By Matthew Crockatt, Head of Sales & Marketing, And Other Stories
Conversations around Digital Rights Management tend to focus on piracy. The argument swiftly becomes channelled along lines that will be tediously familiar to anyone who has attended a digital conference during recent years. It can be summarised as follows:
DRM is essential as it protects the creative rights of authors and ensures they get paid for the work that they do. Publishers have a responsibility to safeguard these rights so they need to make sure DRM is in place. Piracy is stealing and if we catch you doing it we’re going to lock you up.
Then someone else stands up:
DRM is useless. Anyone with 5 minutes to spare can crack it. Publishers are following the music industry along a path that leads to consumer disillusion and they should just accept the old model has been swept away and get used to this new world where they are not needed. Authors will be fine. They get better royalties self-publishing with Amazon anyway. Like my man Cory Doctorow says: “It’s hard to monetise success, it’s impossible to monetise obscurity.”
As well as working for And Other Stories Publishing I’ve been studying for an MA part-time. I recently researched a dissertation on DRM and I thought I’d share a couple of the interesting insights that emerged.
1: Rather than talking about Piracy I split this concept in two and looked at ‘sharing among strangers’ – defined as ‘piracy’ – and ‘casual sharing’ – defined as ‘sharing among friends’.
Most of the publishing professionals I spoke to thought that ‘piracy’ is bad but ‘sharing among friends’ was alright. However they also thought DRM was completely ineffective against ‘piracy’ but did inhibit ‘sharing among friends’.
- In other words DRM only inconvenienced the kind of readers publishers profess to value.
2: Publishing professionals didn’t think that their readers actually seemed to care much about this. Why didn’t people care about the inconveniences of DRM?
- Because the prices they were paying to read on their devices were so low.
- The technology was so easy to use that they were happy to live with a restrictive DRM as the device interaction with the retail ecosystem ‘just worked’.
3: Retailers have developed the platforms and devices that enable digital books to be sold. DRM helps to tie readers into their commercial ecosystems.
- What began as technology publishers insisted on to safeguard the earnings of authors and publishing revenues has become a threat to both of these as the middlemen drive down prices whilst seeking to uphold margins at every opportunity.

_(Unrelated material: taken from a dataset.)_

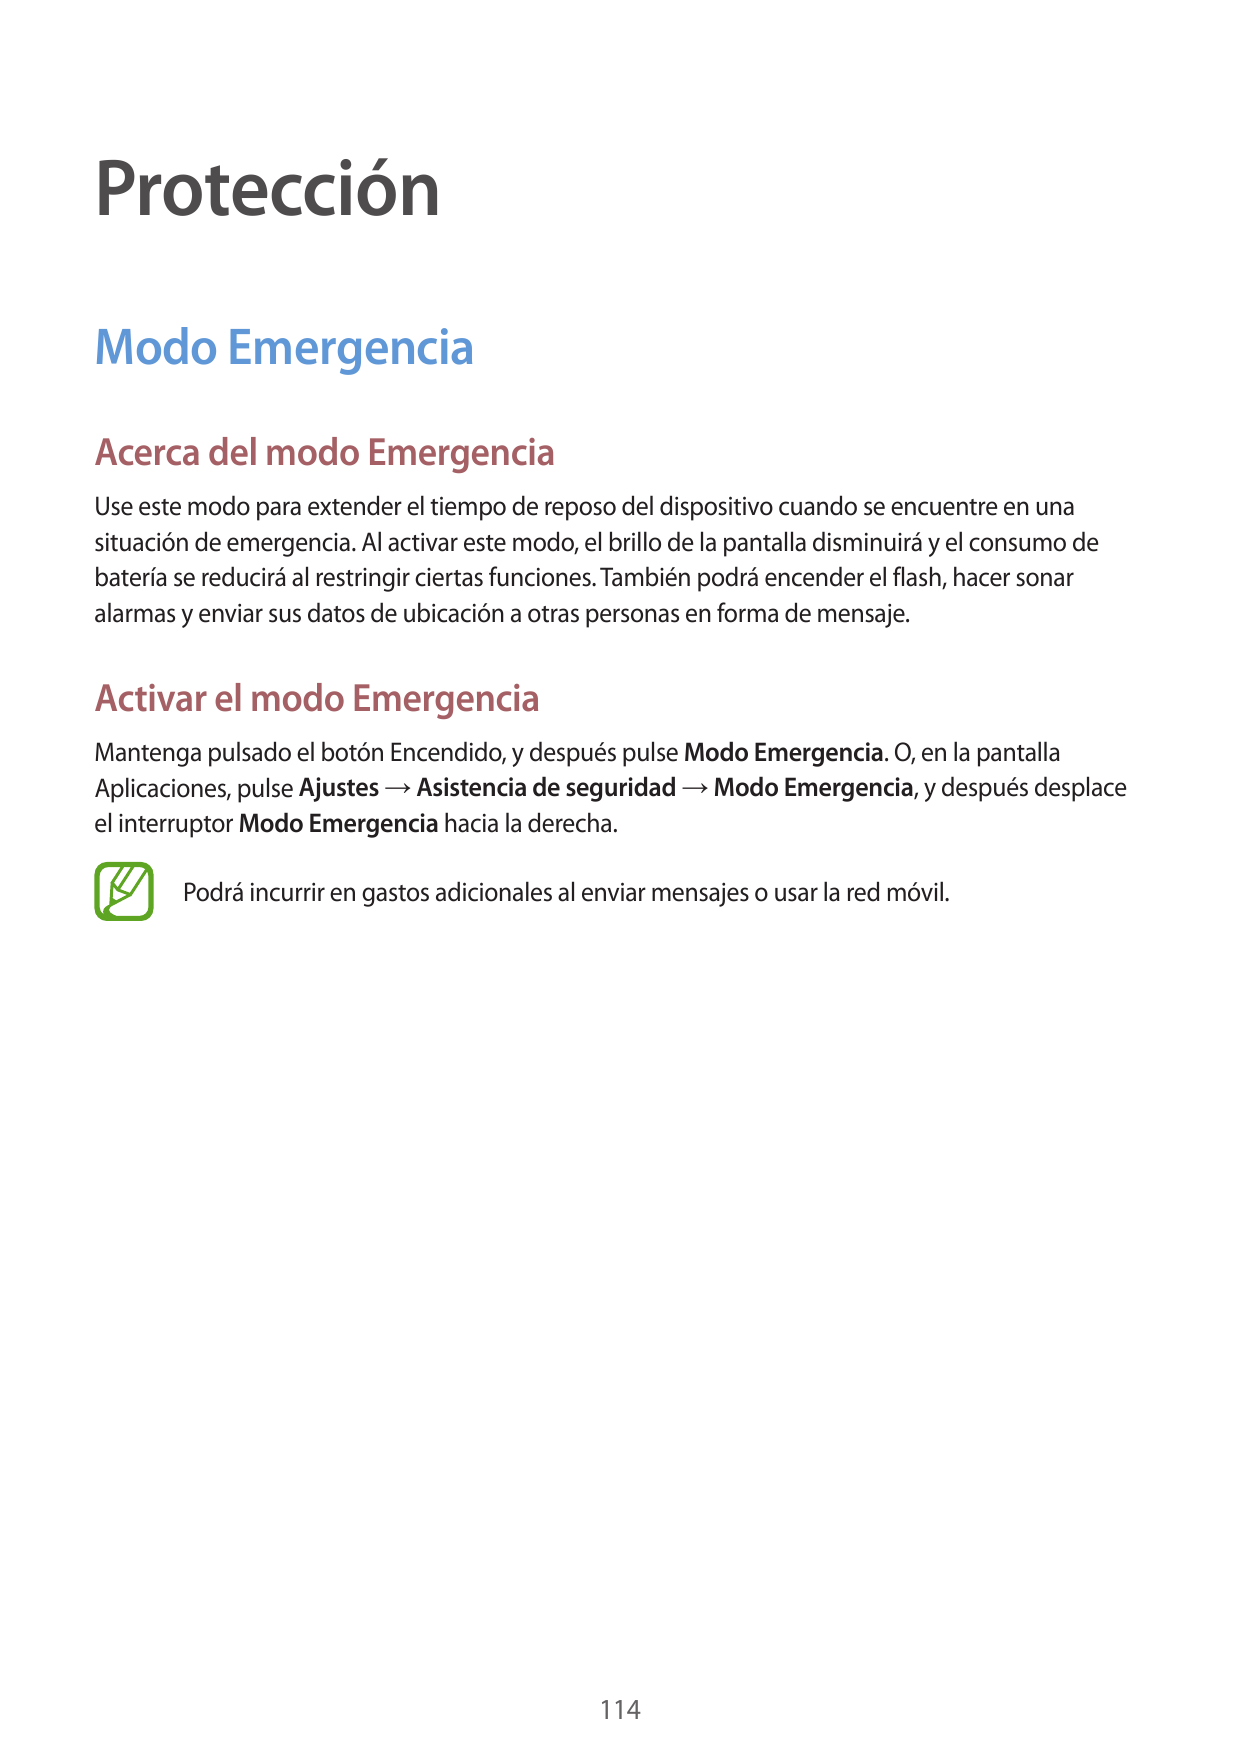 ProtecciónModo EmergenciaAcerca del modo EmergenciaUse este modo para extender el tiempo de reposo del dispositivo cuando se enc

It is my personal view that the removal of DRM would be beneficial to authors and publishers. Dominant retailer positions with regard to market share have clearly become established but there is no reason to think such positions are unassailable. The removal of DRM would make competition easier to establish. Publishers need to trust readers and listen to what they want. Publishers should seek to work with device manufacturers and software developers to enable easy, enjoyable delivery of digital books to any device, from a variety of sources, including physical bookshops. Publishers and authors have what readers want – great reading experiences. We should be more confident of this and trust that readers will pay a fair price for what we have to offer.